TSA studies GA airport security
A survey mandated by Congress could lead to a grant program for security enhancements at general aviation airports. But AOPA cautioned the Transportation Security Administration (TSA) that the results of the survey should be used for the allocation of funding, not the imposition of requirements.
The 9/11 Commission Recommendation Act of 2007 required the TSA to develop and implement a standardized threat and vulnerability assessment program for approximately 3,000 GA airports that have a runway of at least 2,000 feet and those near major metropolitan areas, high-value targets or close to permanent prohibited areas such as the presidential retreat at Camp David, Md.
Survey Results In
The TSA met with GA associations in late June to discuss the preliminary results of the Airport Vulnerability Assessment Survey that it distributed in January.
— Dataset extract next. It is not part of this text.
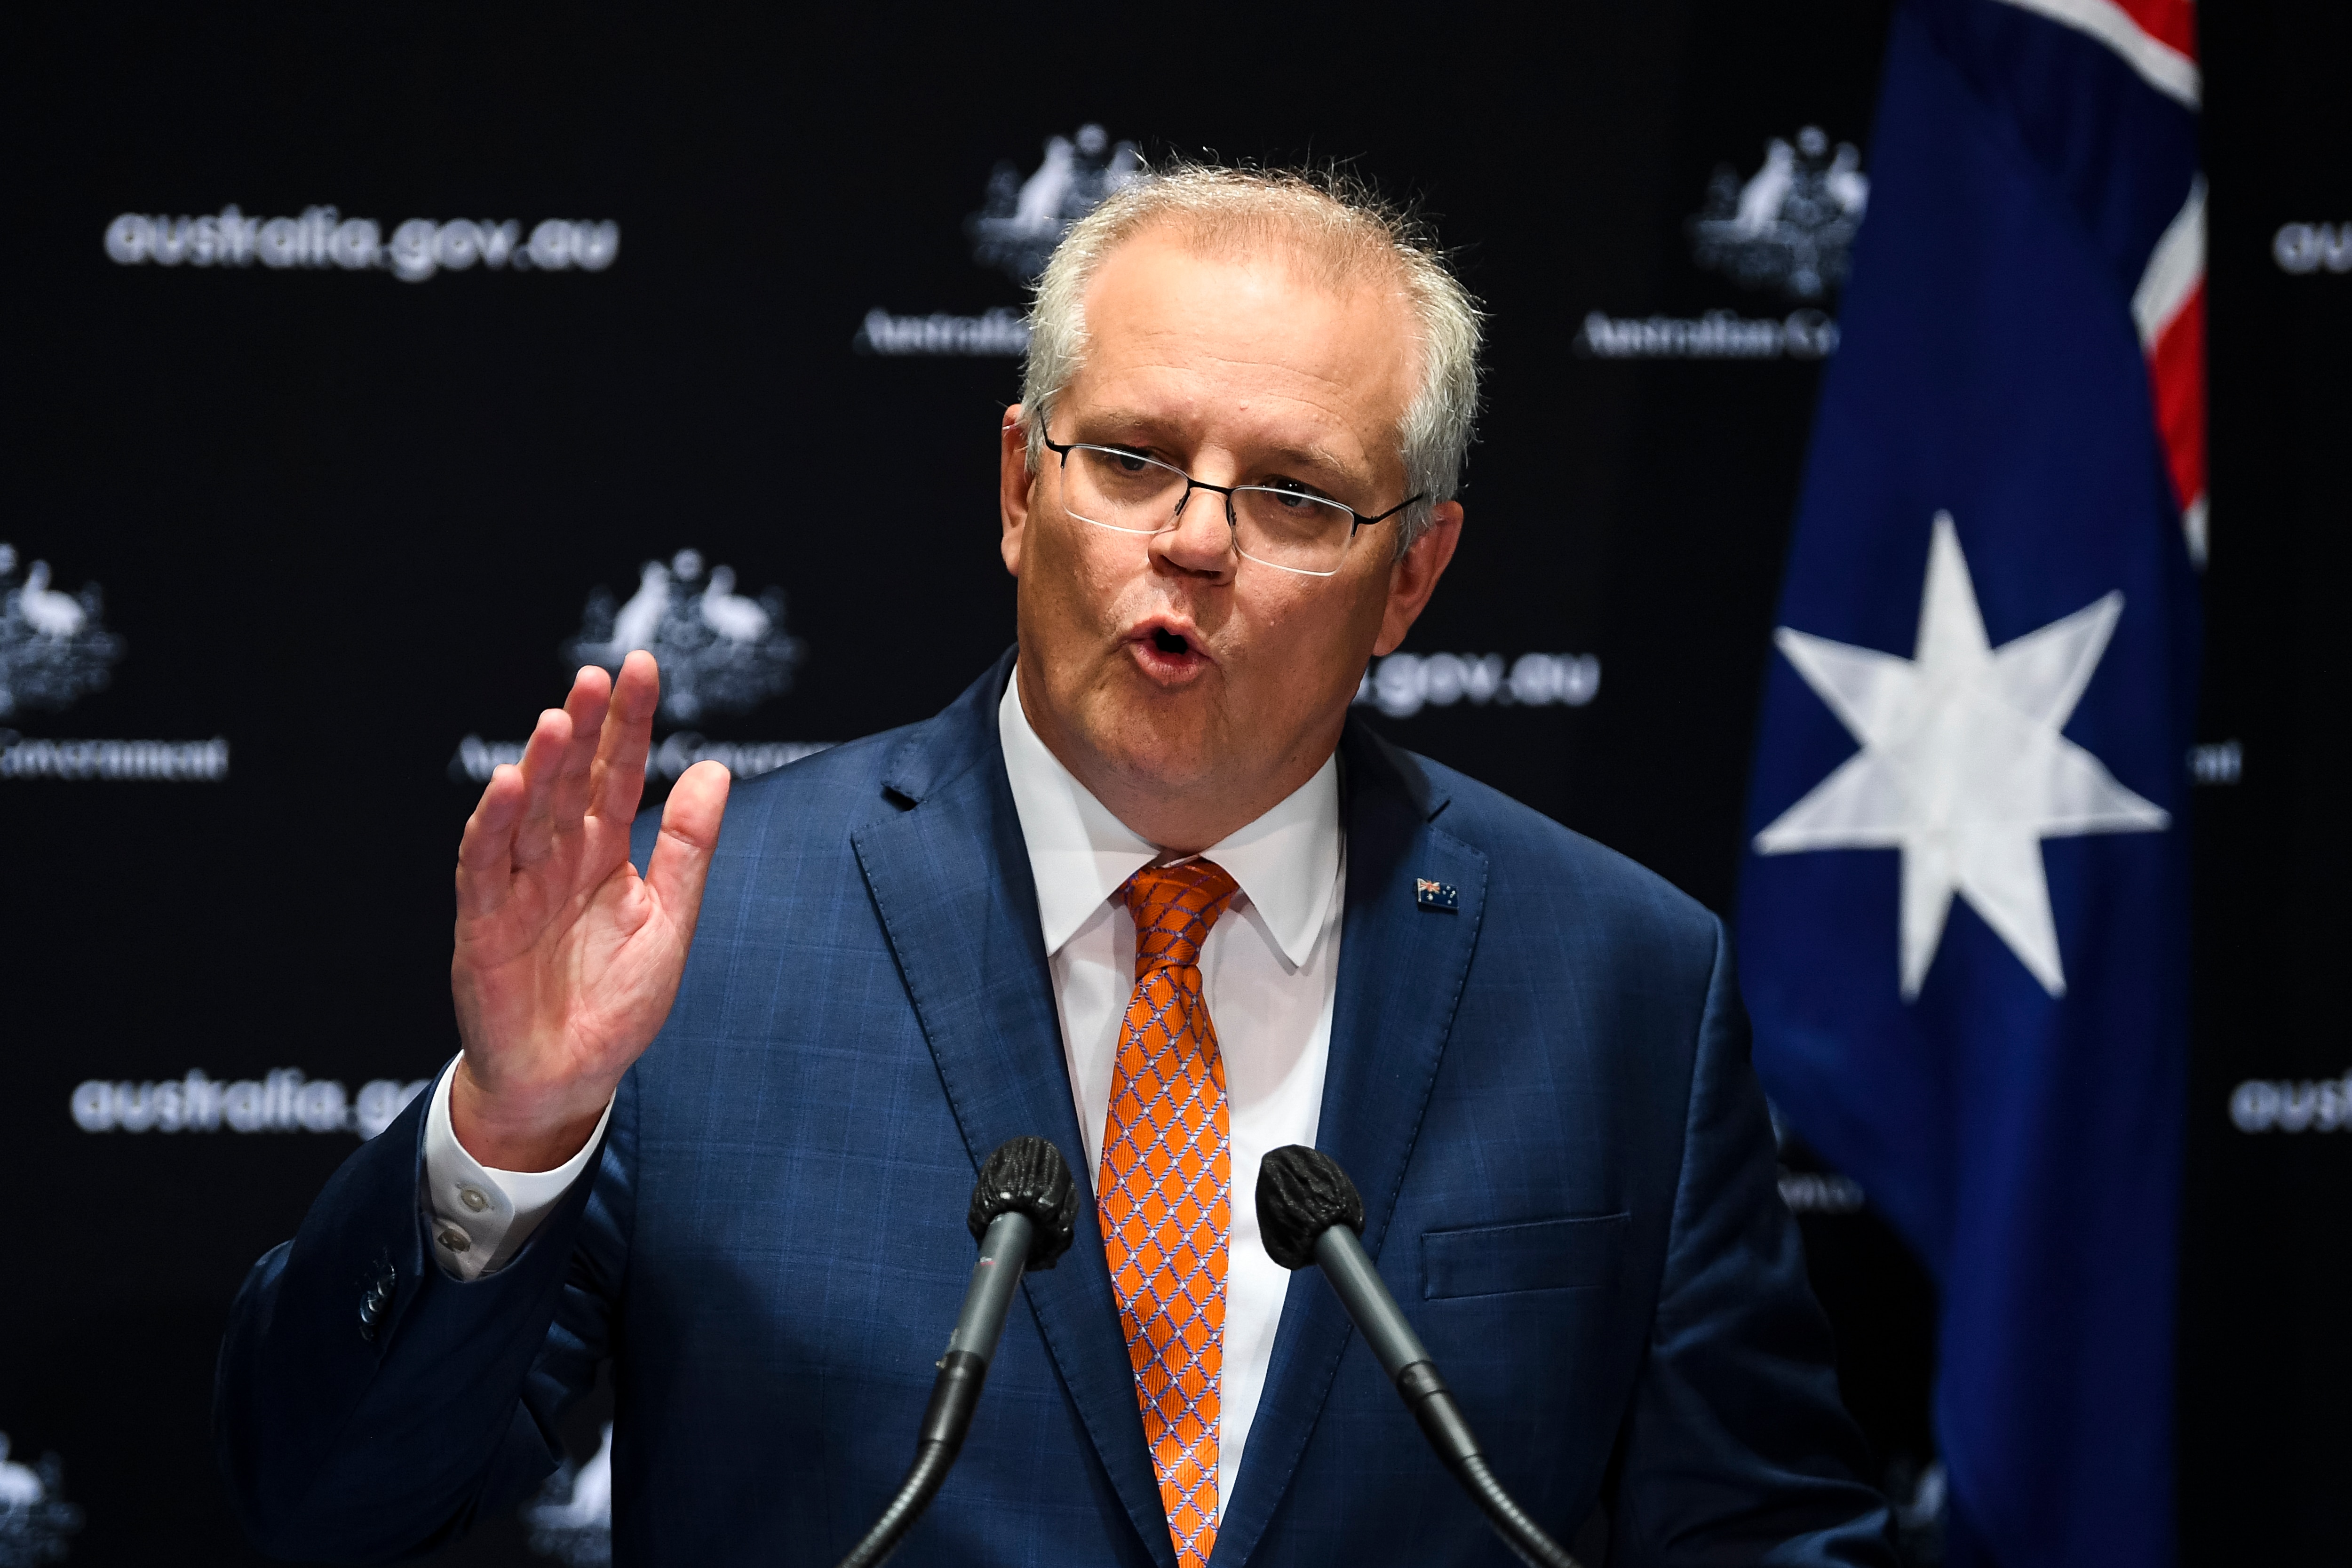 Prime Minister Scott Morrison speaks during a press conference at Parliament House in Canberra.

The survey is the first step in obtaining data for the agency to determine how to develop a dedicated security grant program for GA airports. Currently, the only federal grants for GA airports are administered by the FAA and are typically provided for safety enhancement, not security.
The TSA used the survey to gain a baseline understanding of what security measures GA airport officials would like to see implemented at their airports. Of the approximately 1,200 respondents, the top enhancement preferred was perimeter fencing, followed by closed-circuit television and improved lighting, the agency revealed.
Before the TSA establishes a grant program to fund security improvements at airports that request them, the agency plans to conduct site visits to certain airports to validate the data from the survey, and then begin to establish criteria and a mechanism for providing grants and financial aid. Any grant program must then be approved by Congress in a Department of Homeland Security (DHS) funding bill.